O projeto do governo nunca foi apresentado formalmente e morreu antes de nascer, mas não é segredo pra ninguém que a volta da Contribuição Provisória Sobre Movimentação Financeira (CPMF) estava nos planos de Paulo Guedes, ministro da Economia.

Para falar sobre esse fantasma que paira sobre nossas cabeças desde os anos 90, conversamos com Rodrigo Gerard, que é servidor de carreira do Banco Central e especialista em orçamento.

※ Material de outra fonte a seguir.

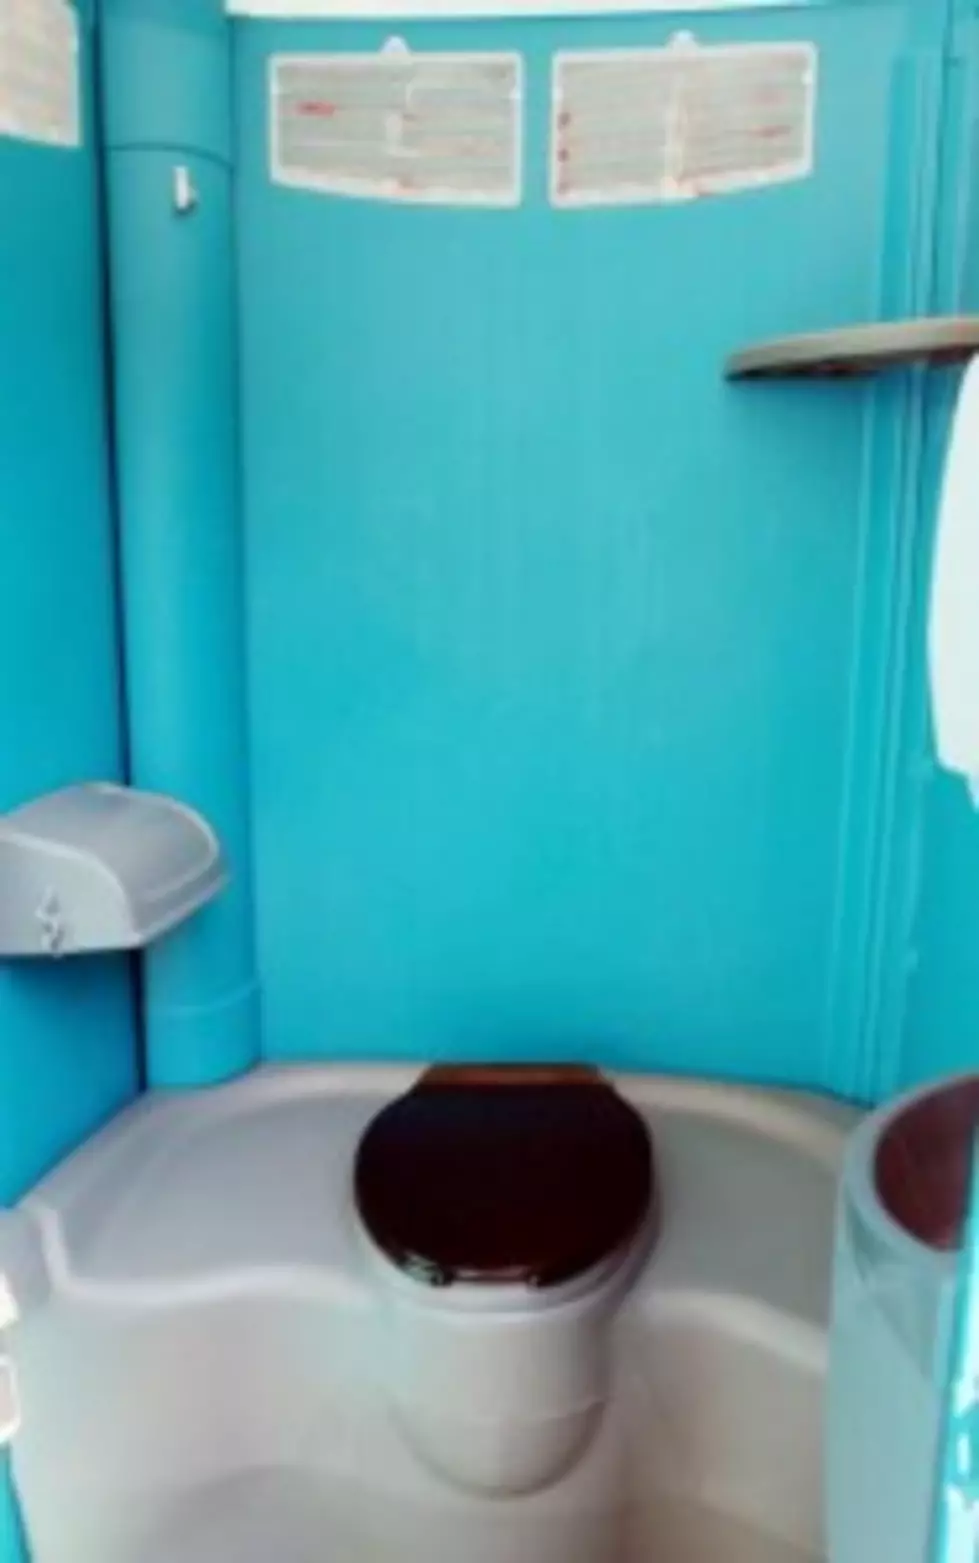 Drunk Guy Covers Himself in Crap Inside Porta Potty to Evade Cops

Ouça neste episódio do Crédito ou Débito, o podcast do Reconta Aí:

O novo imposto citado pelo ministro Paulo Guedes em entrevista parece CPMF, cheira a CPMFe age como uma CPMF.

ITF ou CPMF disfarçada?

Como prometido pelo governo, a Reforma da Previdência foi apenas o começo das mudanças significativas do governo Bolsonaro para a economia brasileira. A Reforma Tributária é a próxima na fila e promete ser tão polêmica quanto a previdenciária.

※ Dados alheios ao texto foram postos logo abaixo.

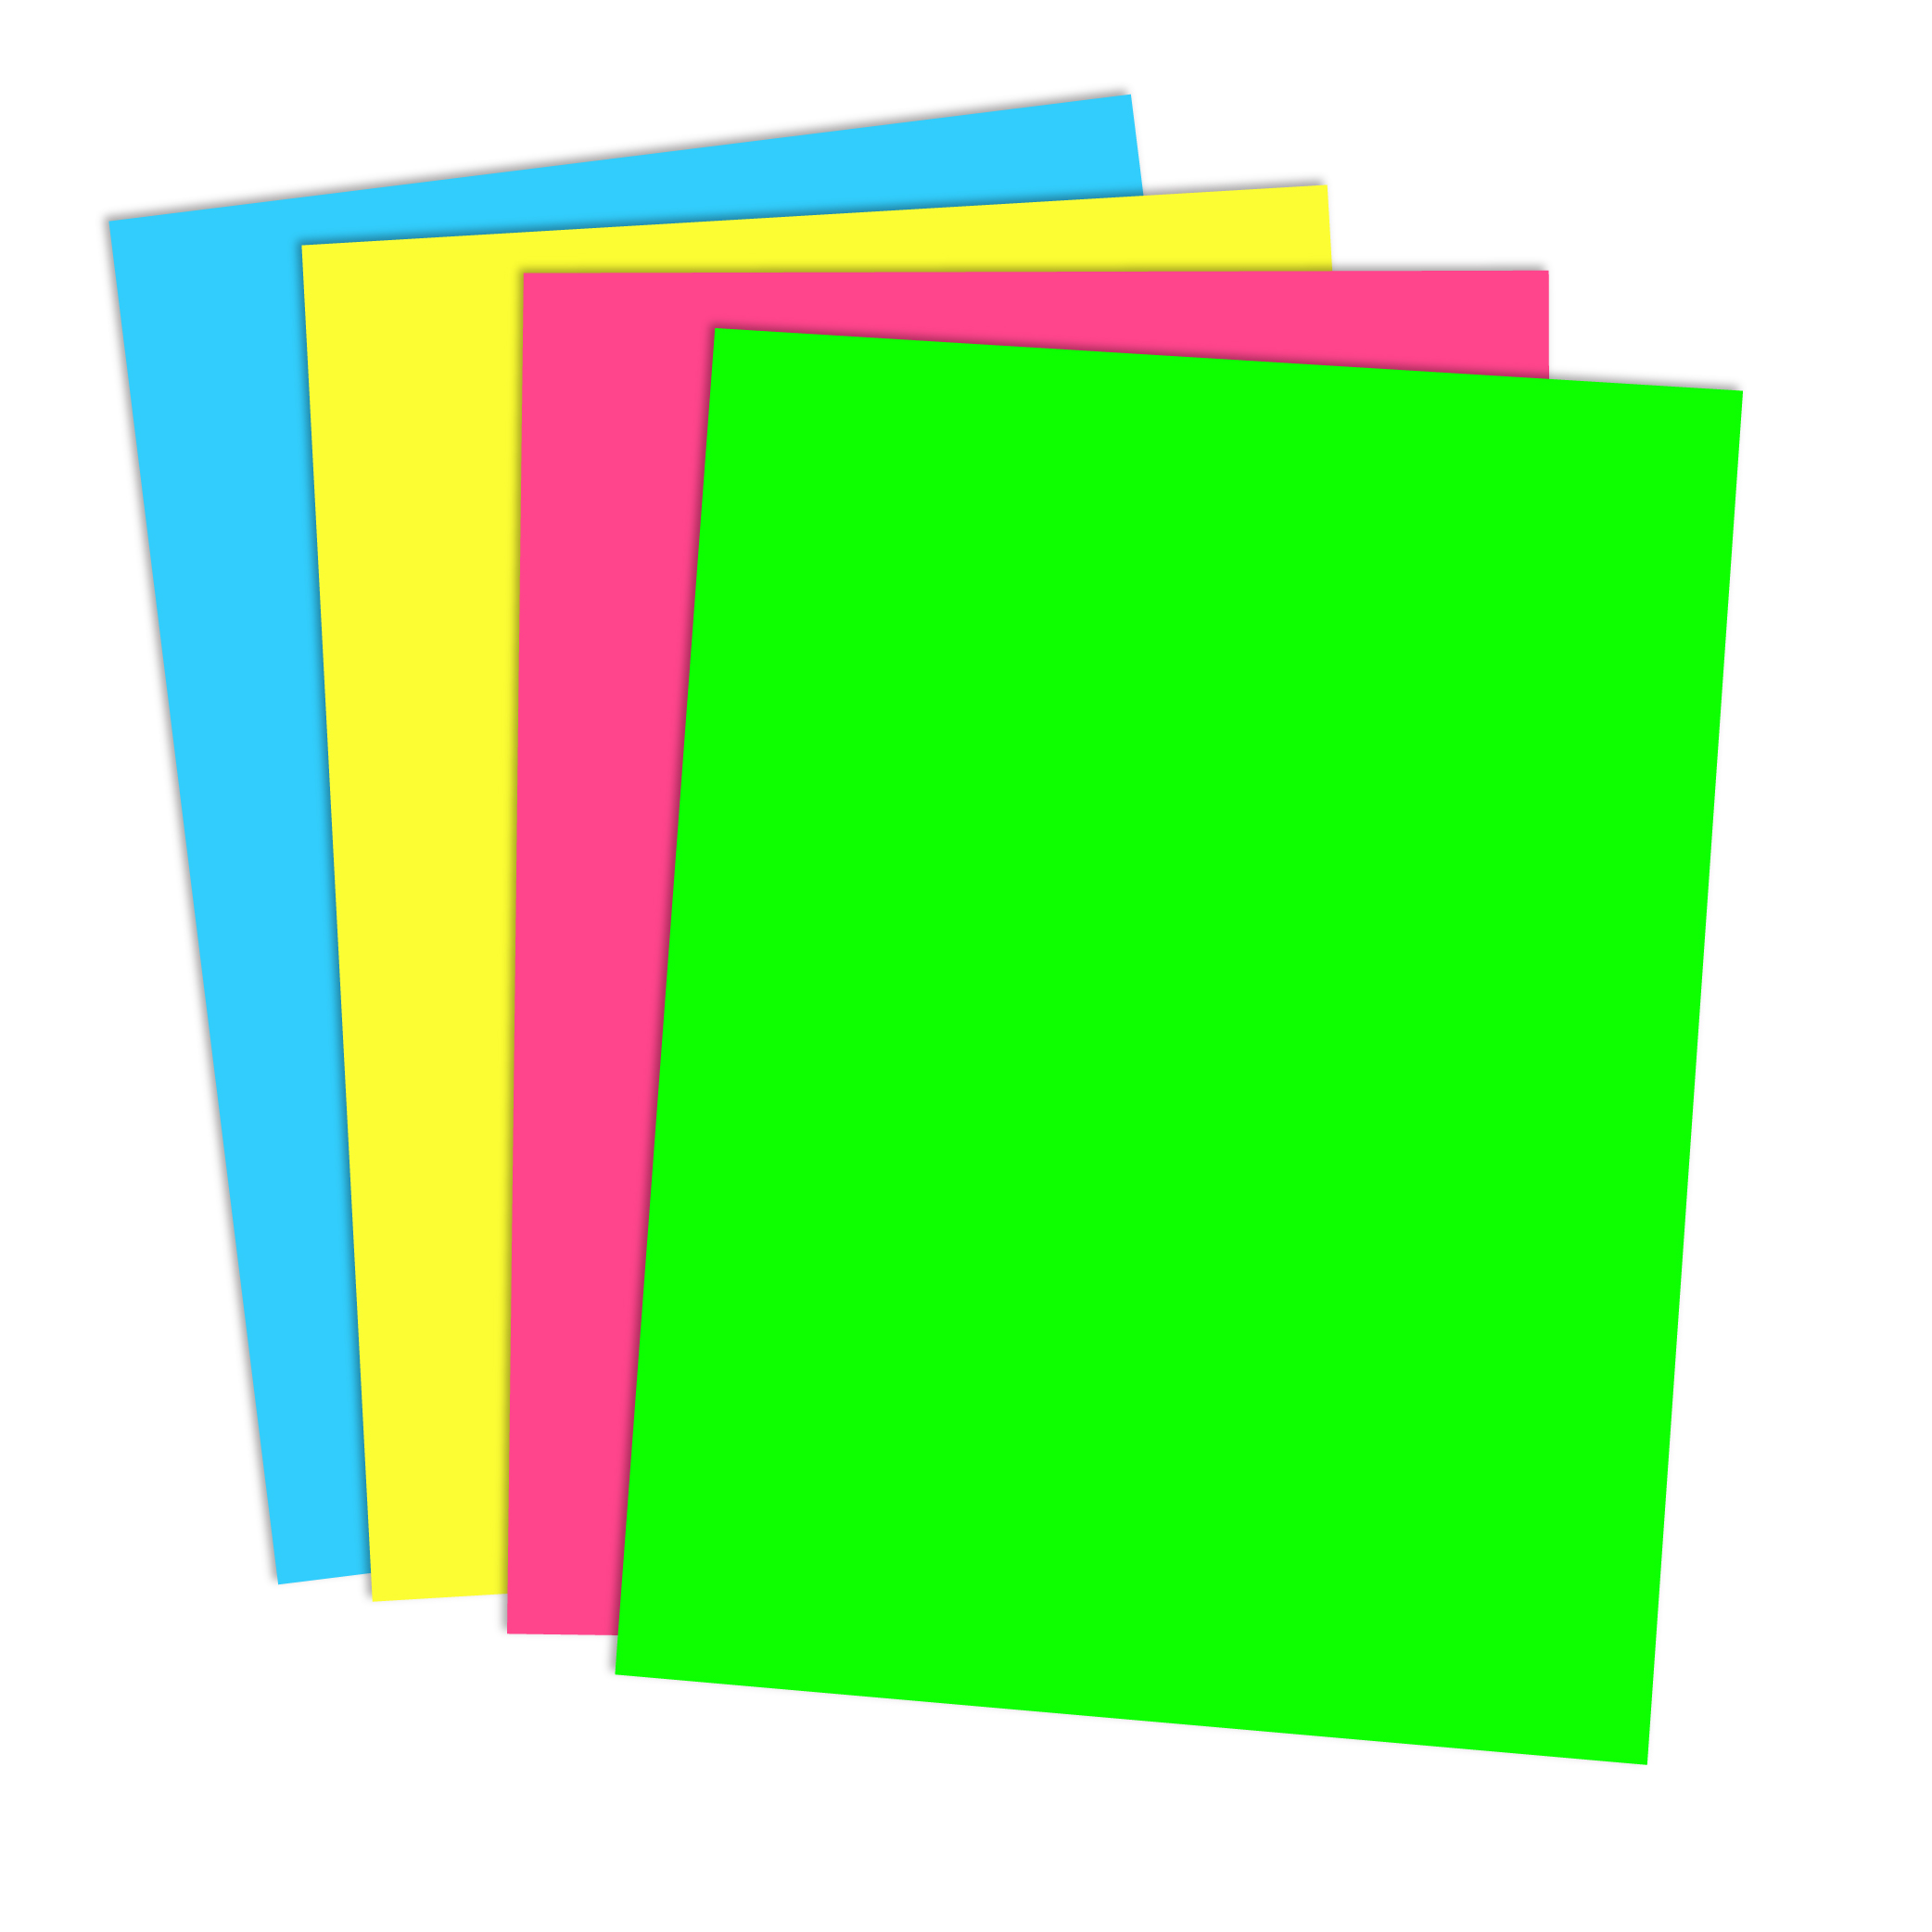 Neon Assorted Poster Board, Pink, Green, Canary, Blue, Heavyweight 17 pt,  22x28, 32/case

Por ora, há duas propostas de Reforma Tributária no Congresso Nacional. Na Câmara dos Deputados, tramita a PEC 45/2019 apresentada pelo deputado federal Baleia Rossi (MDB-SP). Já no Senado, a PEC 110/2019, que já foi aprovada na Câmara dos Deputados, está em votação.

Porém, o governo também tem uma proposta. Ela ainda não foi formalmente apresentada à sociedade, mas o ministro Paulo Guedes vem soltando aos poucos alguns dos pontos mais importantes.

O controverso Imposto Sobre Transações Financeiras

Entre os pontos apresentados por Paulo Guedes em entrevista ao jornal Valor está a recriação da Contribuição Provisória sobre Movimentação Financeira (CPMF). A CPMF passaria a se chamar Imposto Sobre Transações Financeiras,  ou ITF, e teria uma alíquota entre 0,2% e 1%, a depender da decisão do Congresso.

Segundo Guedes, o governo pretende arrecadar R$ 150 bilhões com o ITF.  O imposto, compensará alguns impostos que são pagos apenas pelas empresas, livrando a folha de pagamentos. Mas passará a ser pago por toda população.

Com o objetivo de desonerar os empresários, aumenta a carga tributária da população. Inclusive, há a previsão do fim da Contribuição Social Sobre Lucro Líquido (CSLL), tributo que compõe a receita da Previdência Social, o que pode diminuir muito a arrecadação da Seguridade Social como um todo.

É importante lembrar que a Seguridade Social abarca não só a previdência, mas também a Saúde e a Assistência Social.

As crítcas à CPMF e ao ITF

Uma das maiores críticas à tributações como a CPMF e o ITF é o efeito cumulativo. Olha como ele vai impactar o cidadão comum:

Ao depositar o dinheiro no banco, você paga o imposto. Depois, quando for necessário fazer qualquer operação financeira, como pagamento de contas, saque ou transferência, você terá que pagar o imposto novamente.

Porém, a experiência brasileira que ocorreu entre 1997 a 2007 mostrou que esse fator não se mostrou tão grave. Há que se lembrar também que o imposto no período foi destinado ao financiamento do Sistema Único de Saúde (SUS), que beneficiaria toda a população.

Como está proposto pelo ministro Paulo Guedes não há benefício social que justifique a cobrança. Ou seja, apenas onera a população em detrimento de desonerações aos empresários.